I want to share my revised thinking on the connection between the two concepts in the hope that I can help to clarify, rather than muddy, the use of these terms.

Here’s a visual model of how I now view scaffolds and differentiation:

Scaffolding = Steps

As students practice a skill or develop knowledge of a concept, their ability and understanding increases in complexity. A master teacher breaks down a skill or concept into smaller components, all the way down to the most basic and fundamental level, so that students can accelerate up the ladder towards mastery (just as jump school recruits do with a parachute landing fall).

Those sequential steps are the scaffolds.

Scaffolding, therefore, requires a teacher to be deeply knowledgeable of what is taught (content/skills).

Differentiation = Where each student is on those steps and what they need to progress

Differentiation, on the other hand, requires a teacher to know their individual students well enough to know what each student requires at every step on their trajectory towards mastery, and where they are on that trajectory.

Differentiation requires a teacher to be deeply aware of each of their individual student’s needs and current level of performance.

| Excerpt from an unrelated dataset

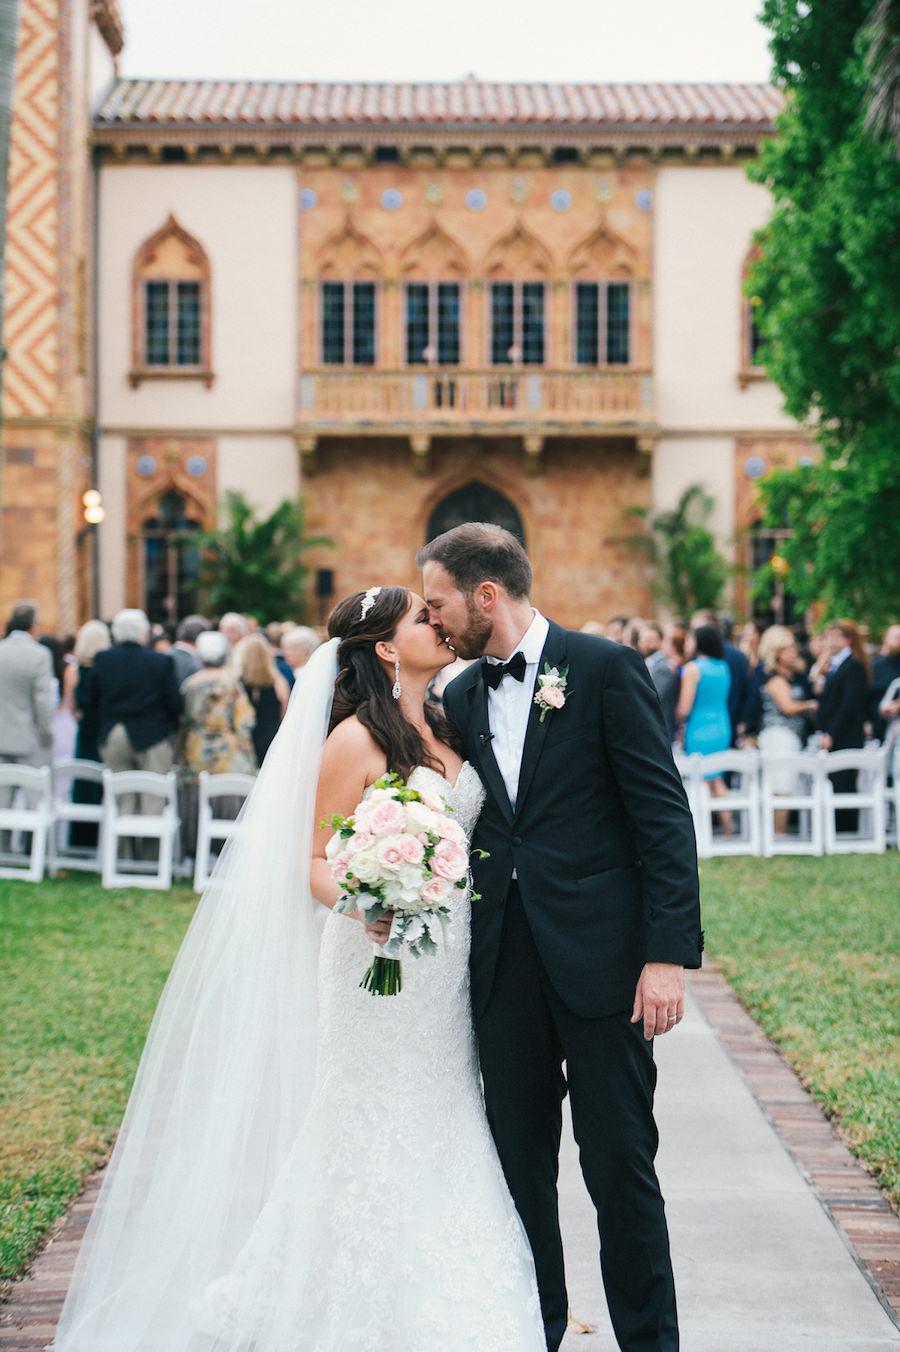 Bride and Groom Walking Down The Aisle | Outdoor Sarasota Ceremony Wedding Venue Ca D'Zan Ringling Mansion | Sarasota Wedding Planner NK Productions

Distinguishing between Scaffolds and Differentiation

  • Scaffolding is aligned to a concept or skill.
  • Differentiation is aligned to the individual student.
  • Scaffolds are the sequential steps that lead to mastery of a skill or a deeper understanding of a concept.
  • Differentiation is in what manner and how much time a student may need to practice or review a step, as well as how much feedback may need to be provided.
  • Scaffolding requires a teacher to be deeply knowledgeable of what is taught.
  • Differentiation requires a teacher to be deeply aware of each individual student’s needs and current level of performance.

The two thus work in tandem.

A sidenote on how all this relates to personalized learning

This brings out something interesting about the edtech industry’s drive for “personalized learning.” The concept of personalized learning arguably aligns most strongly with differentiation.

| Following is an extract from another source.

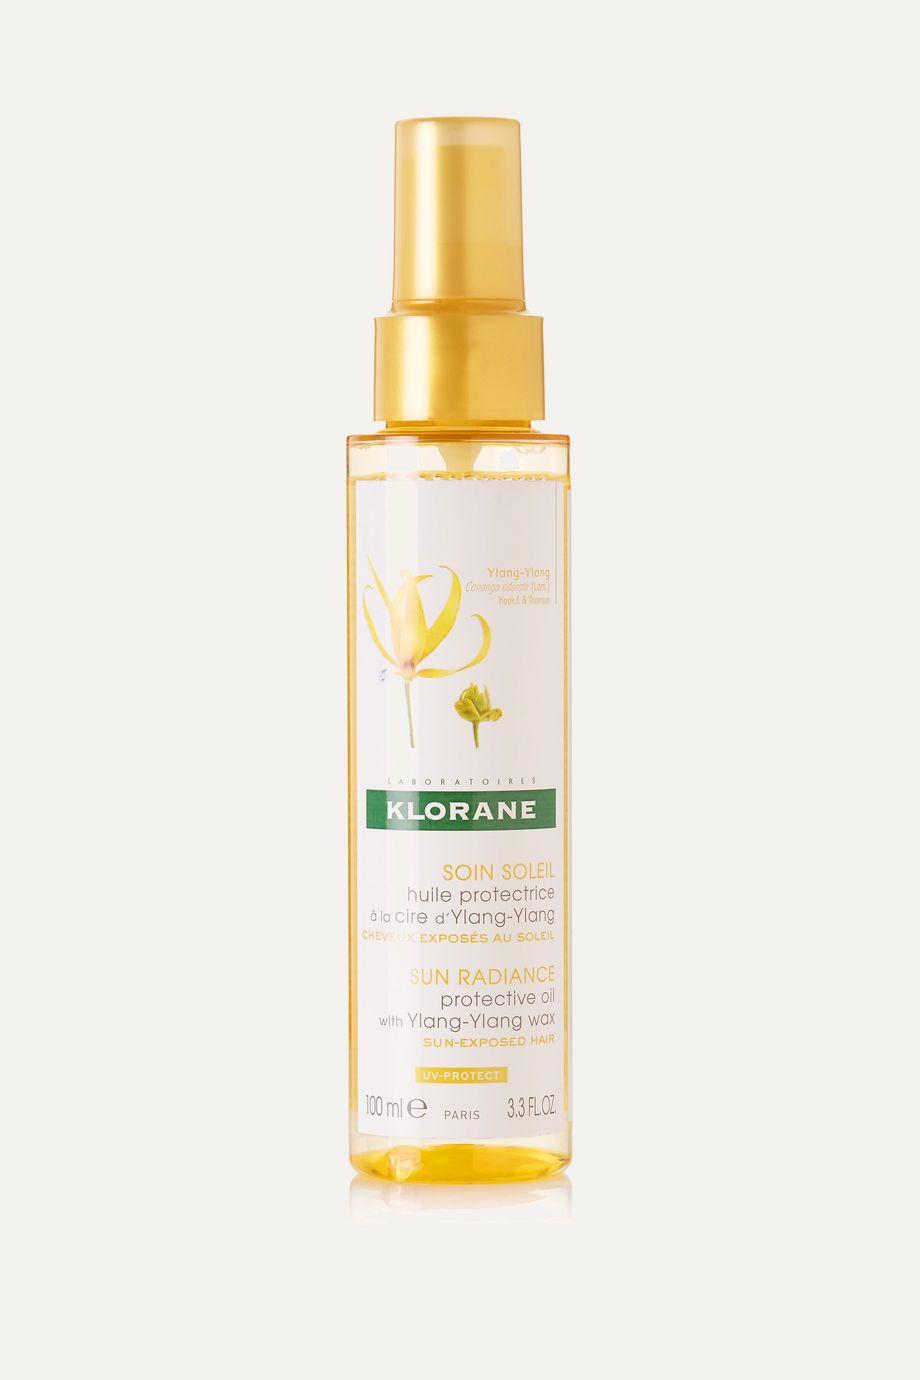 Klorane Sun Radiance Protective Oil, 100ml

What is not frequently discussed is that in order to personalize something, you must first define that “something” and break it into its component parts. How you do this and the decisions you make and the feedback you provide are just as important as matching that content to a student’s needs.

In other words, whenever you hear about personalized learning, ignore the inspirational student-centered rhetoric and home in on the content itself. What platform or curriculum is being used? What trajectory is presented by that content? Does this trajectory align with widely respected standards or guidance from national or international professional organizations.

Definitions and Characteristics



A scaffold provides opportunities for performance and practice of the component content and skills that a student requires to achieve success in a unit of study.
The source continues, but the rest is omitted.